** SUPPLIED DATA **
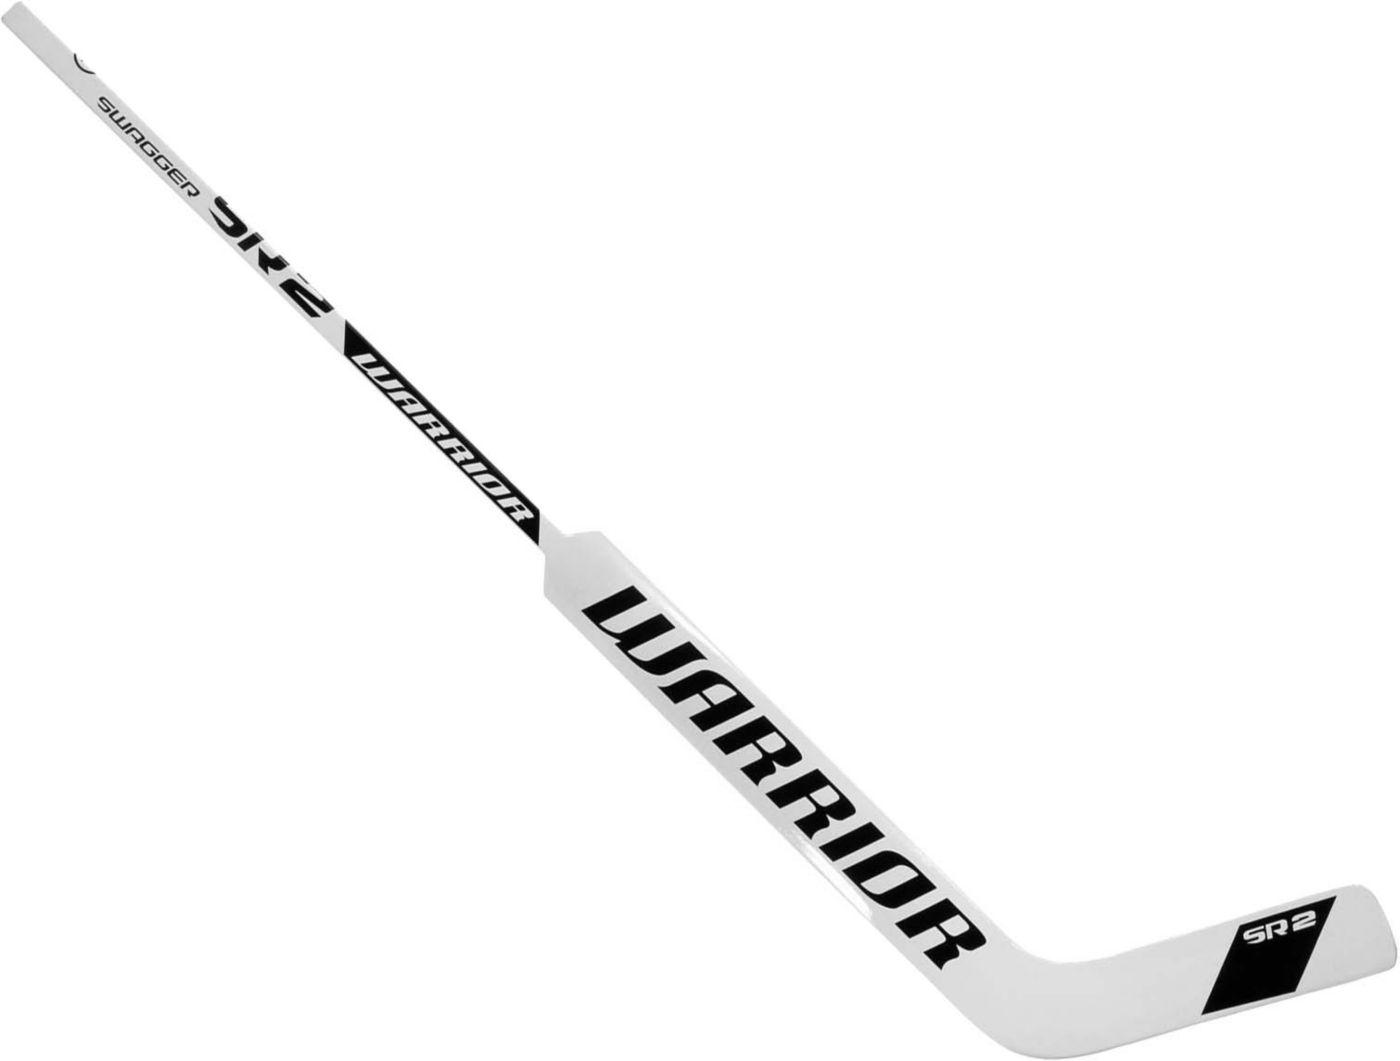 Warrior Junior Swagger SR2 Hockey Goalie Stick
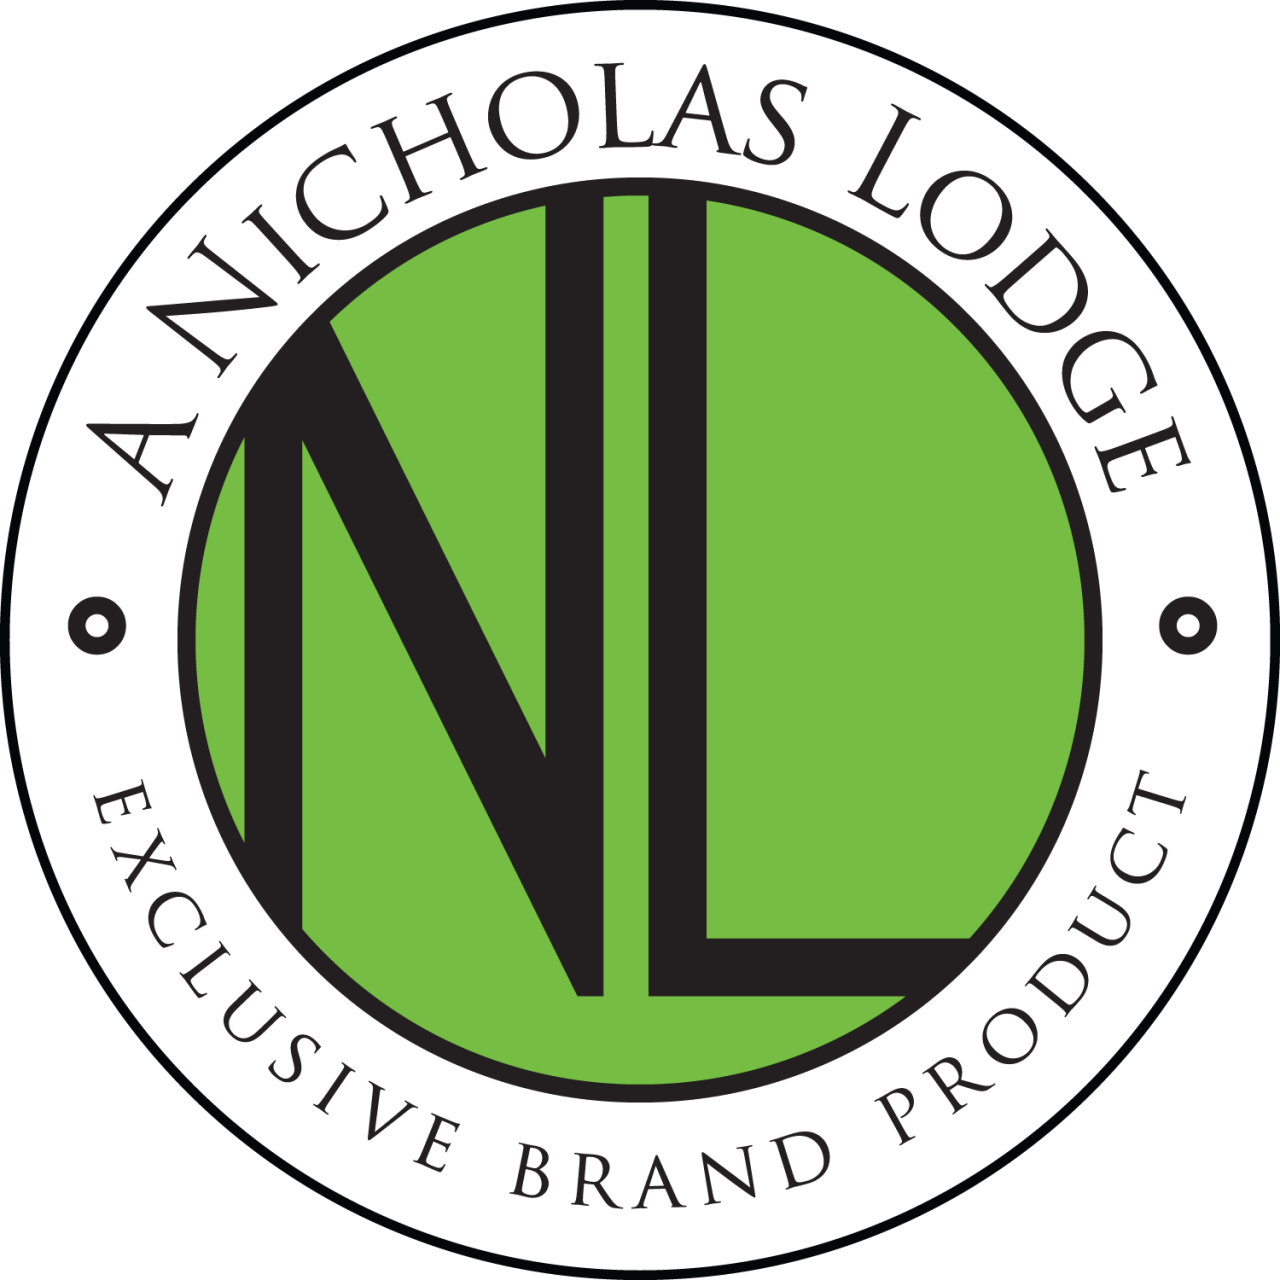 Nicholas-Lodge-Circle-Logo-Clear2
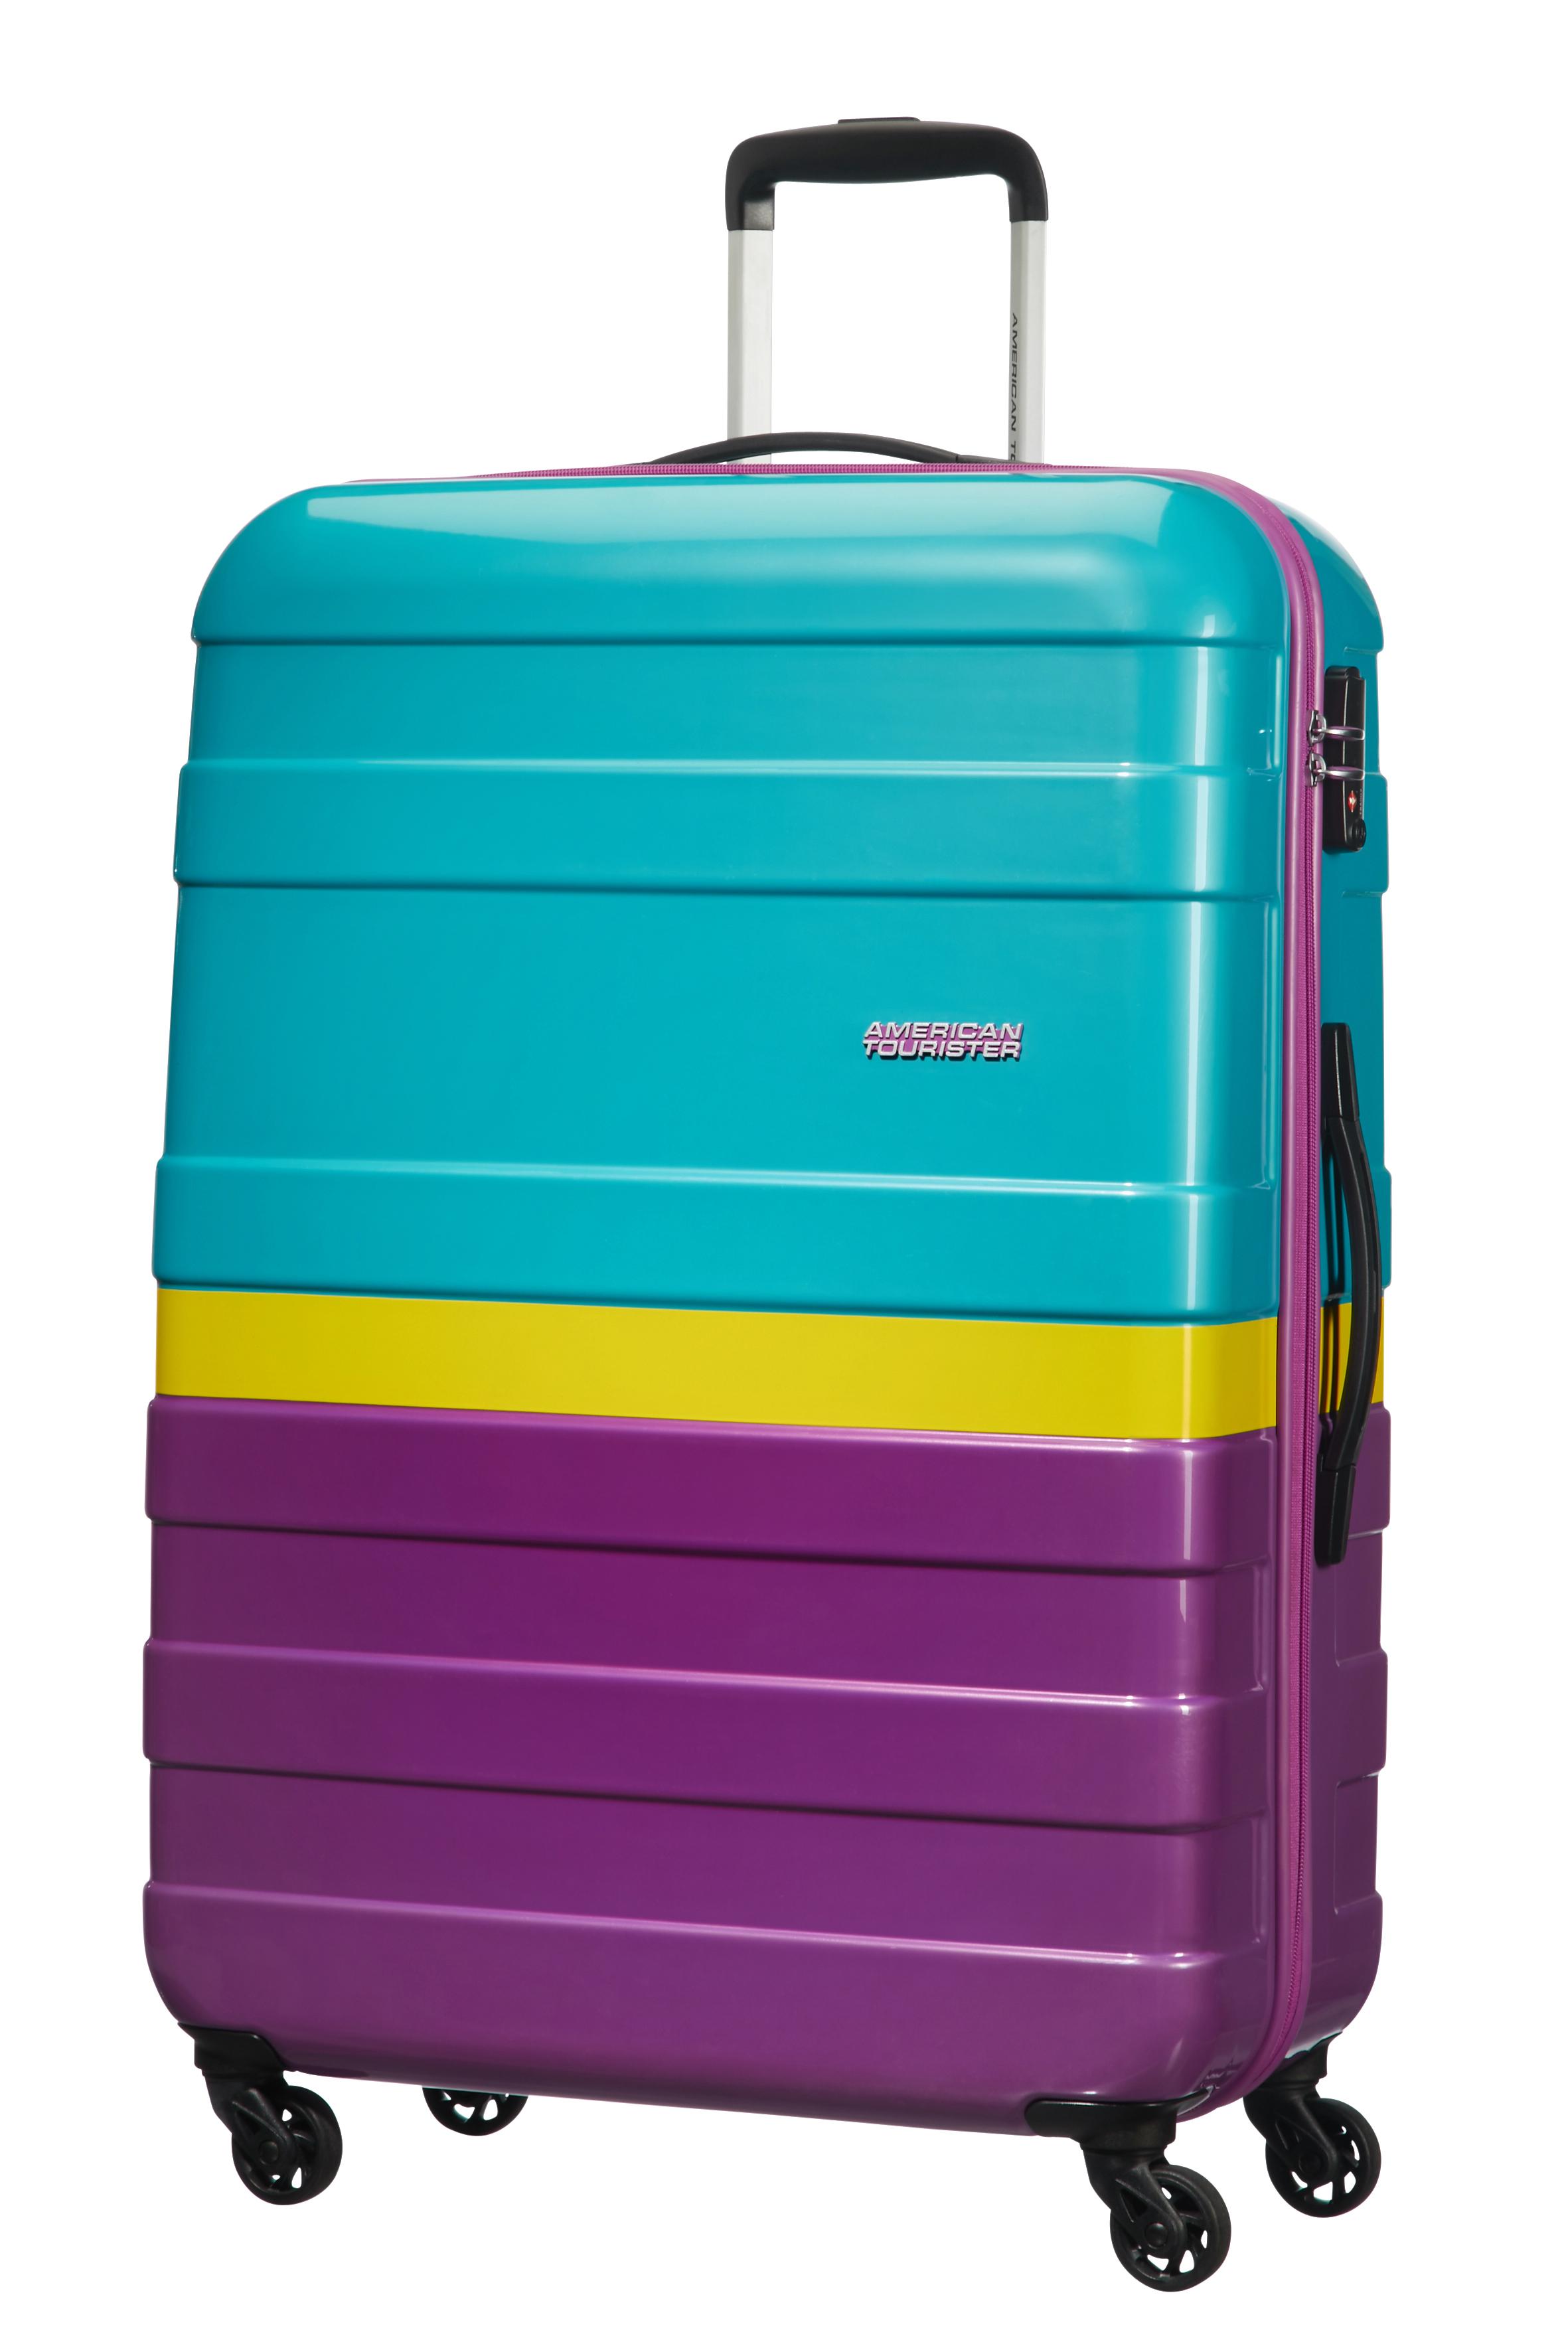 valise american tourister 20 valises pour voyager styl elle. Black Bedroom Furniture Sets. Home Design Ideas

** TASK PROMPT **
Leave out all pictures, then copy the remaining material exactly.

** EXERCISE SOLUTION **
 Warrior Junior Swagger SR2 Hockey Goalie Stick
 Nicholas-Lodge-Circle-Logo-Clear2
 valise american tourister 20 valises pour voyager styl elle. Black Bedroom Furniture Sets. Home Design Ideas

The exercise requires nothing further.